甚至真命天子还可能是他们的敌人。
我们的目的,他们也都明白。我们在乎的是天命,不可能真心帮他们。听我们的安排,只会被我们卖了。
卢敖道:「所以,我们放任武臣与韩广自相残杀,羽凤仙在咸阳乐开了花,而什么都不做?」
白鹿山人轻捻白须,淡淡道:「吾等遵天命,以有道伐无道,就是天命。
道兄说说看,武臣与韩广谁有道,谁无道?」
卢敖纠结道:「武臣肯定觉得自己与韩广有君臣名分,韩广以臣子的身份背叛君主,属于无道。
但武臣自己刚干过类似的事。
正所谓上行下效。
他有理由斥责韩广不忠不义,韩广也能说出让他无法反驳的背叛理由。」
白鹿山人道:「所以咱们谁也不帮,只帮反秦之大局。」
卢敖看著战场上正奋力厮杀的双方,若有所思,道:「先让他们打一场,再通过张耳向武臣表明我们的态度。
让他明白,不是只要反秦,吾等就保证他不受羽老魔的加害。
无道之君不在庇护之列。」
其实不用卢敖与白鹿山人向武臣发出警告。
一场仗打下来,成千上万的尸体抬回营地,武臣已经冷静下来。
「丞相,你去跟韩广说,孤可以承认他的燕王身份,也可以将他的家人送还给他,但他必须向天发誓—在有孤参与的联盟中,他永远唯孤马首是瞻!
孤知道自己没资格担任神州诸王的伯长」,可孤在任何时候都必须是他韩广的伯长」。
」
「大王英明!」张耳也打算劝两句呢,没想到武臣自己想通了。
省了他不少事儿。
刚离开武臣的帅帐,准备前往对面的燕国大营,张耳又接到了卢敖的传讯。
知道大仙的态度后,他更加有底气了。
顺利进入燕国军营,得到了韩广的热情招待。
事儿也轻易办成了。
他把要求一提出来,韩广立即满脸欢喜与真诚地答应。
第二天,武臣就把韩广的家人放了回去。
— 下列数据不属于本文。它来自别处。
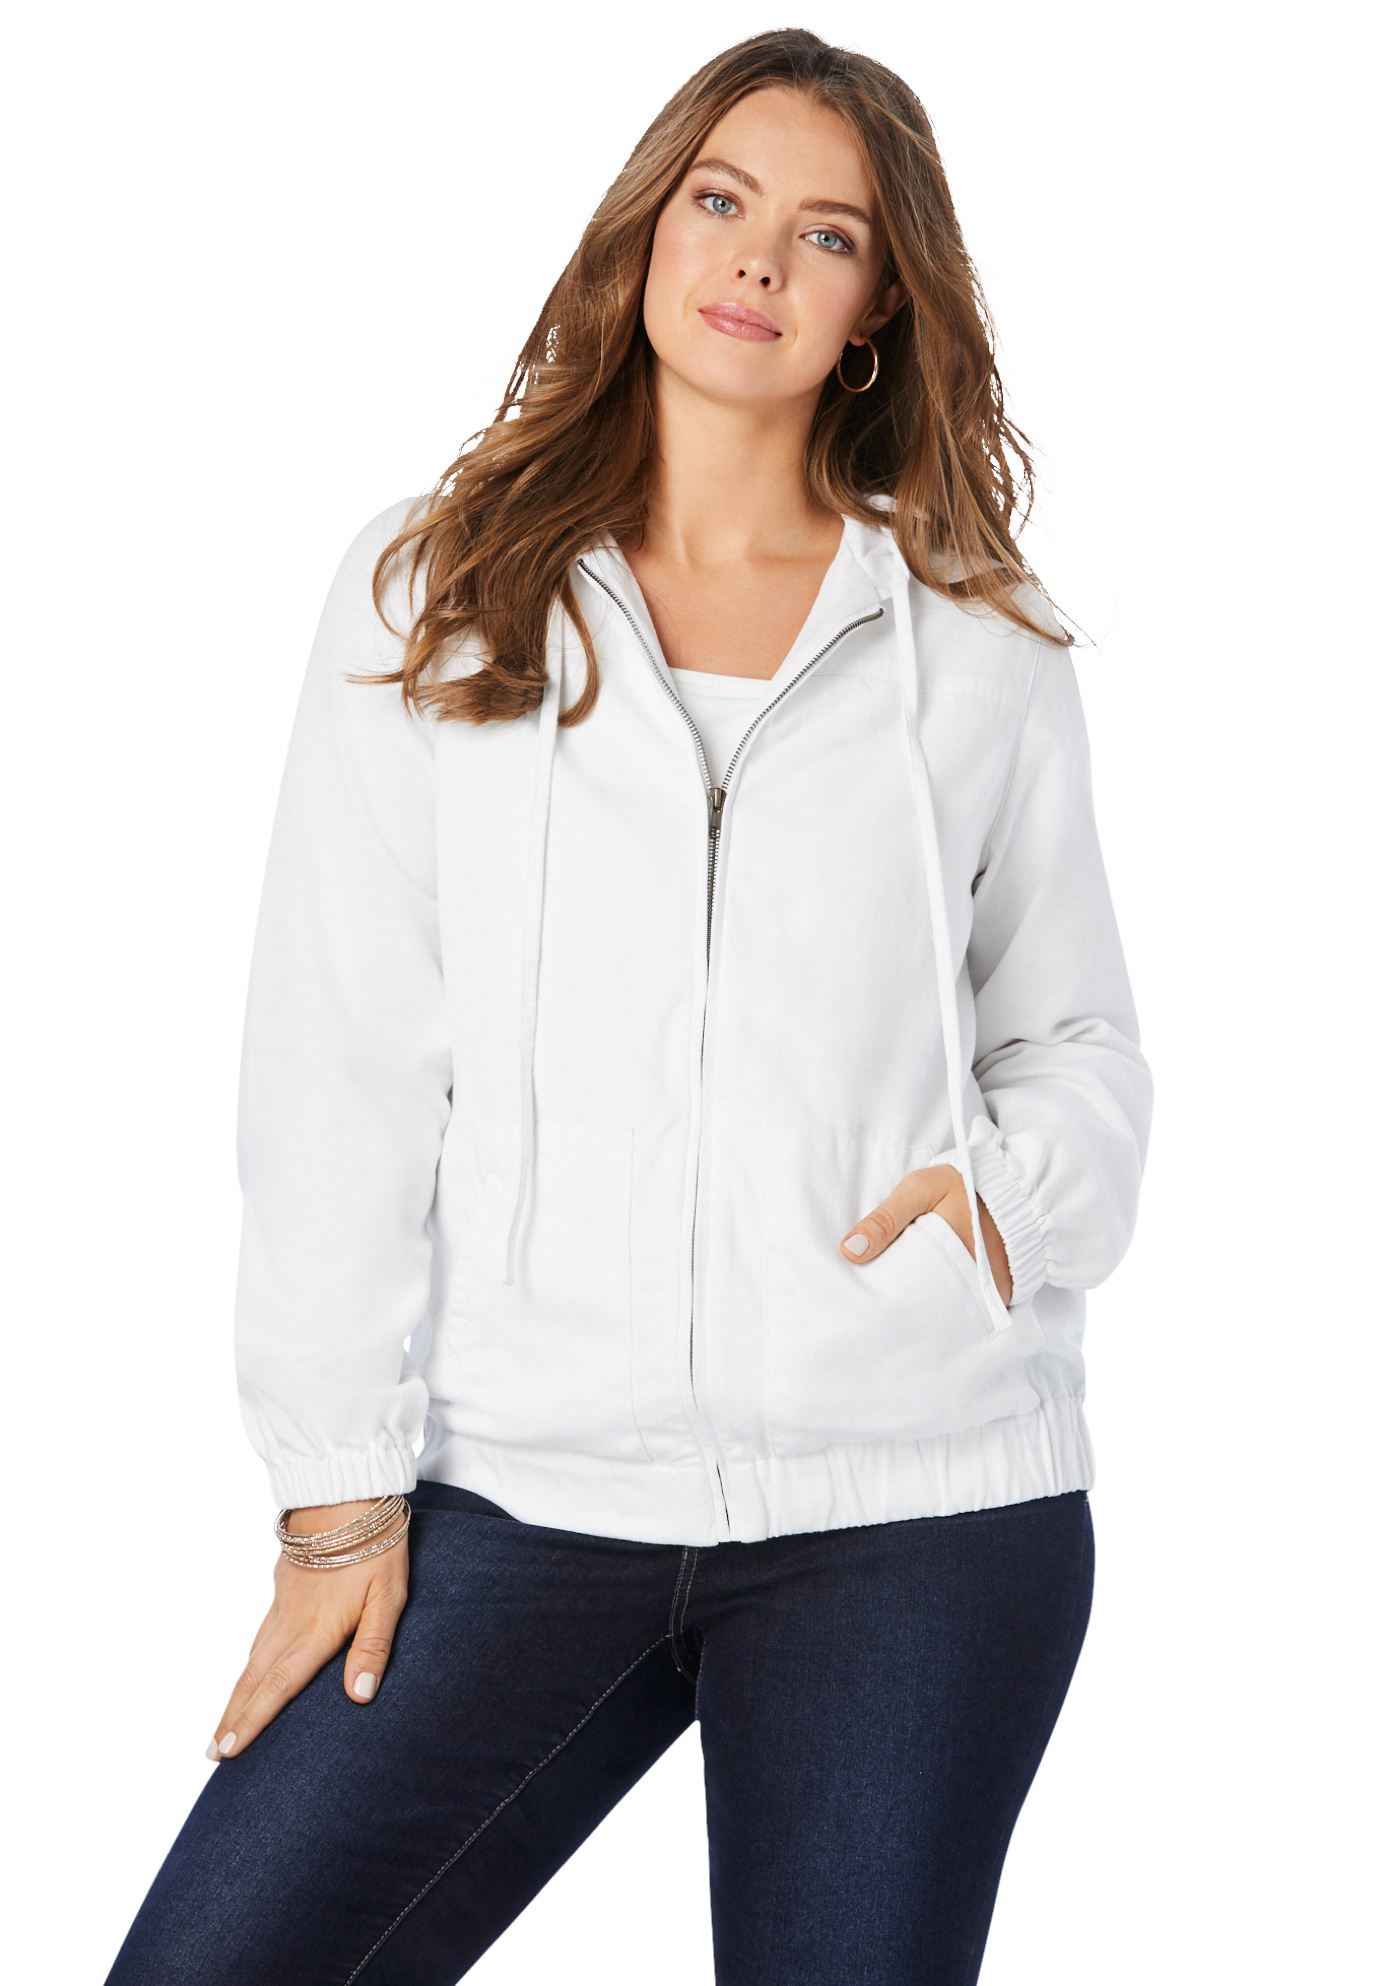 Roaman's Women's Plus Size Cotton Complete Zip-Up Hoodie Denim Jacket - image 1 of 5

韩广也兑现承诺,与武臣敌血为盟,尊武臣为长,自认为弟。
「还好,武臣终究是天命在身的神州大豪杰,虽然会冲动一时,却不缺乱世枭雄的气量与智慧。」
事已至此,九天之上的卢敖终于长吐一口气,笑容重新爬上脸庞。
白鹿山人叹道:「经此一战,双方损失都不小,今后一定互生嫌隙。」
卢敖道:「至少在面对暴秦时,他们会联手自保。对于反秦大业而言,这已经足够了。